Poor guy his dream car with all those problems it needs scrapping.


----------



## Exotica (Feb 27, 2006)

Sadly it will be passed on to someone else.


----------



## Aero (Feb 13, 2007)

Recently posted on Porsche Facebook,


> Thank you everyone for responding to Mr. Murray's video. We appreciate your passion and our community's drive for excellent customer service. We at Porsche have always sought excellence in all that we do. We know you expect it of us. And when we don't meet that standard, we make every effort to improve. We want you to know we've offered to repurchase or replace Mr. Murray's car, and we hope we can reignite his passion for Porsche.


----------



## lofty (Jun 19, 2007)

If they 'have always sought excellence' why didn't they refund or replace earlier? They have been forced into action by all the bad publicity, they had to be taken to court in the US before they paid up for the faults with the 996/Boxster/Cayman engines, owners in other parts of the world have been left high and dry, very poor company when it comes to after sales IMO, bad news for the VAG group.


----------



## Exotica (Feb 27, 2006)

Too little too late Porsche . Should've done that before the exposure .


----------



## Exotica (Feb 27, 2006)

Good result though . People power!!


----------



## Exotica (Feb 27, 2006)

For those who haven't seen the conclusion update.






NSFW contains swearing at end of clip.


----------



## craigeh123 (Dec 26, 2011)

Poor bloke , 5 years if savings on a shed . Shouldn't matter which manufacturer from kia to Porsche no one should have been dealt with like that . Most mainstream manufacturers wouldve dealt with that better


----------



## Exotica (Feb 27, 2006)

He took the twitter comments very well


----------



## SteveyG (Apr 1, 2007)

Exotica said:


> Sadly it will be passed on to someone else.

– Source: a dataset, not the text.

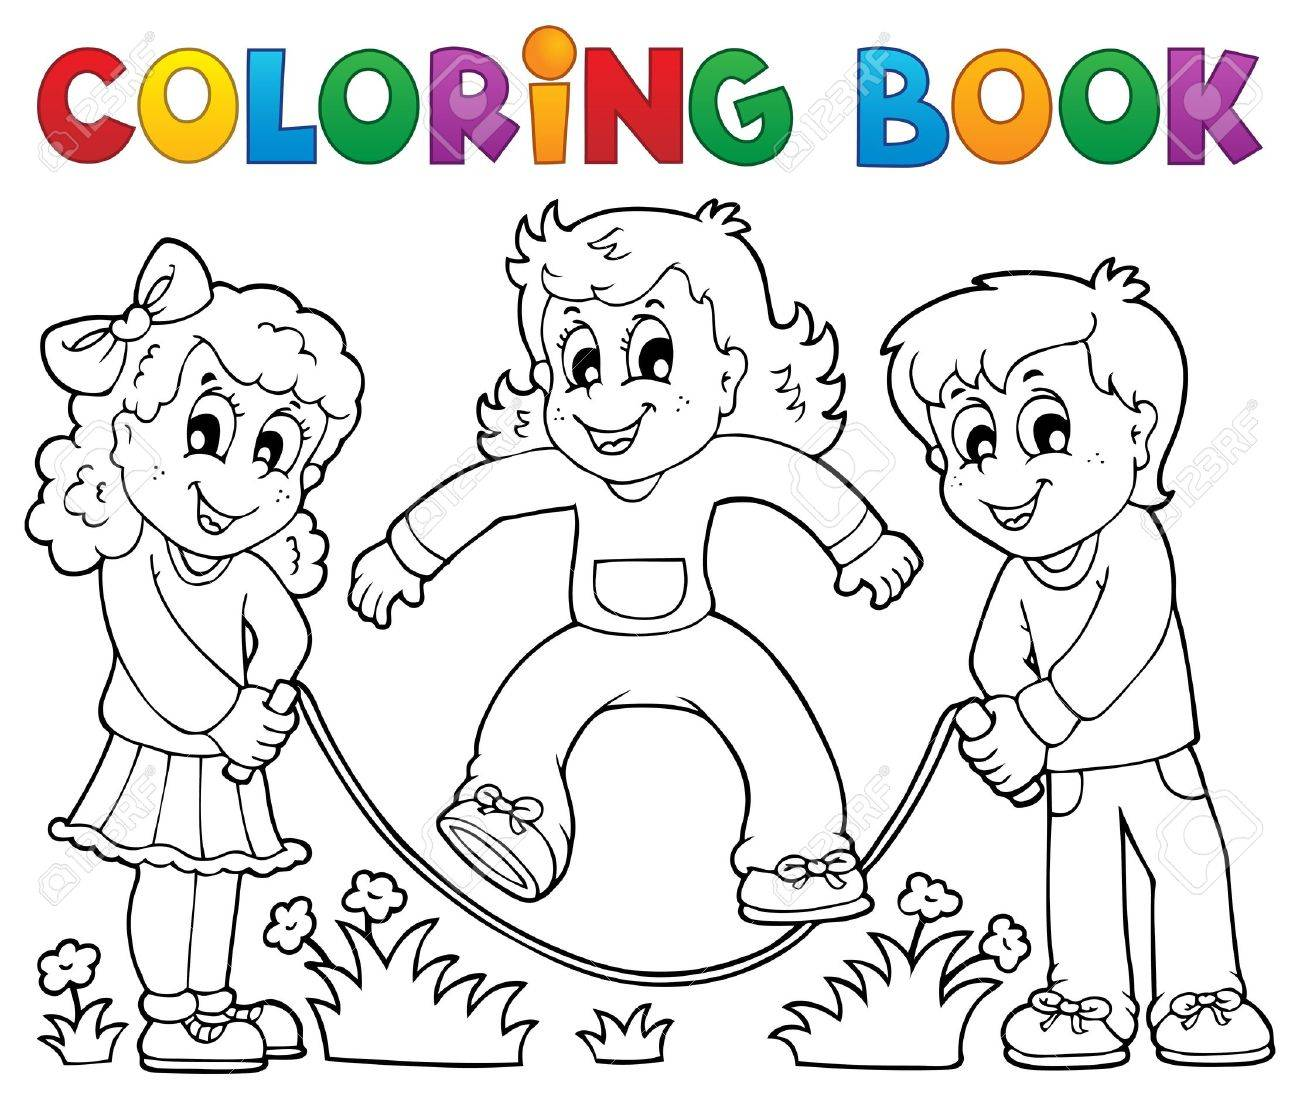 Kids coloring book - Coloring Book Kids Coloring Book
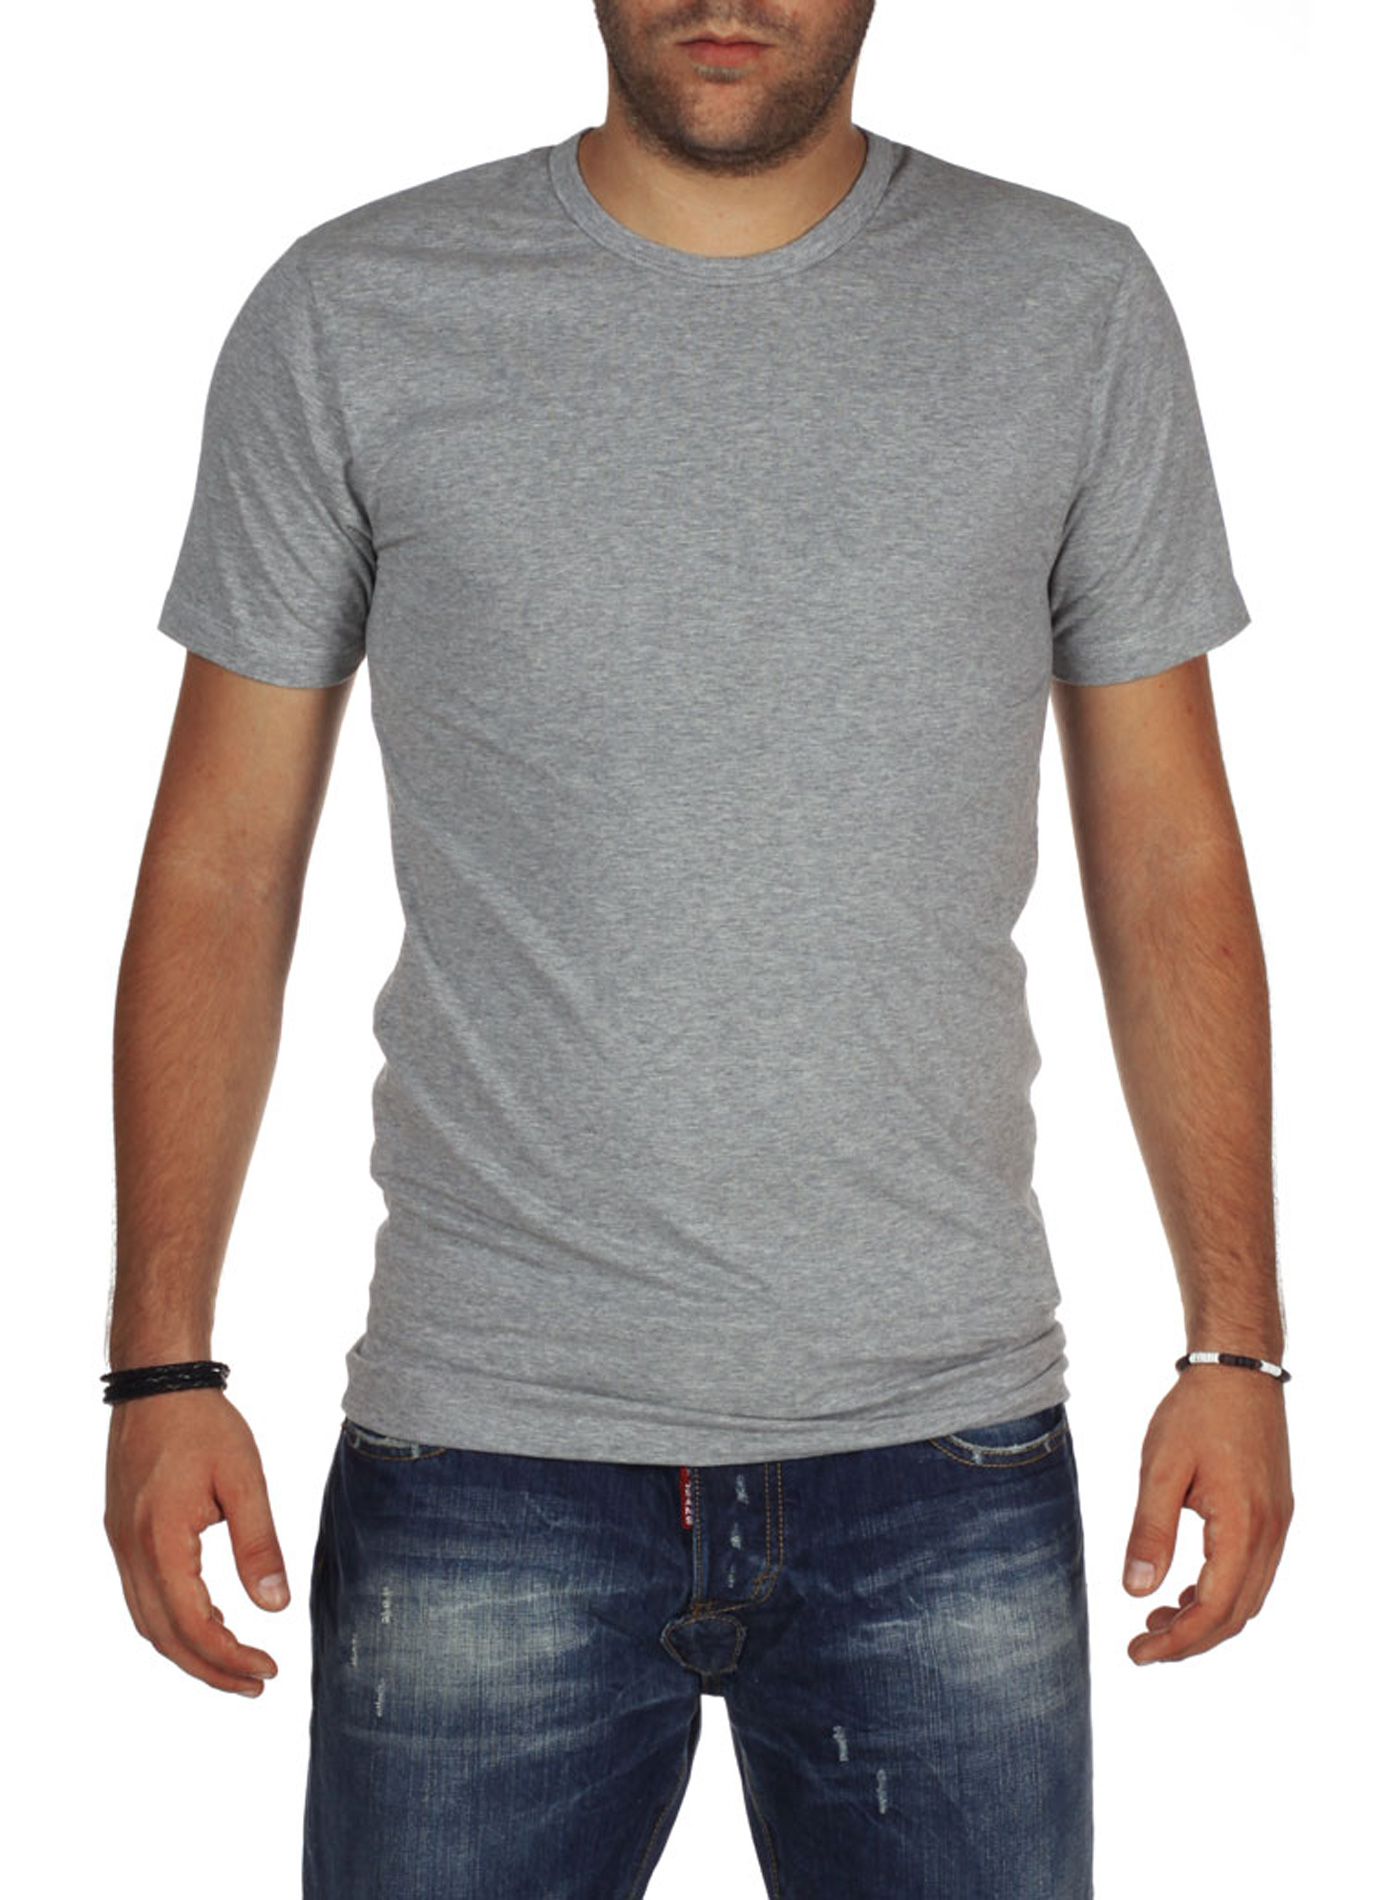 Gray Shirt Model Gray t Shirt t

That's the sad fact. Someone is going to end up with a lemon - who knows how much damage all the electrical faults have caused. It really needs gutting and remaking.


----------



## Exotica (Feb 27, 2006)

Nick views his new 911


----------



## Rayaan (Jun 1, 2014)

Seems to have issues with most of the cars on his page. 

But bloody hell, these are things which are completely unreal. Pool of water in the car? Which idiot was responsible for this masterpiece of a vehicle?


----------



## possul (Nov 14, 2008)

Surely I can't be the only one wouldn't even think of owning a other Porsche if I'd been put through all of that


----------



## Exotica (Feb 27, 2006)

His new one looks fab though.


----------



## percymon (Jun 27, 2007)

Well lets hope he's happy with this one, he does seem to moan about every car he's had though as a general rule.

Any car company can make a Friday lemon car, its how they react in rectifying the issues - in this case its been a multitude of issues, so clearly not their best built example. Funny how he suddenly is a lot more supportive of Porsche and their handling of his case, once it was finally at an agreeable point.


----------



## Starbuck88 (Nov 12, 2013)

He does seem very critical about everything but if you're spending that sort of money it should be right. really right.

I laugh how he lets Tui just jump in all over the plastics around the buttons etc.


----------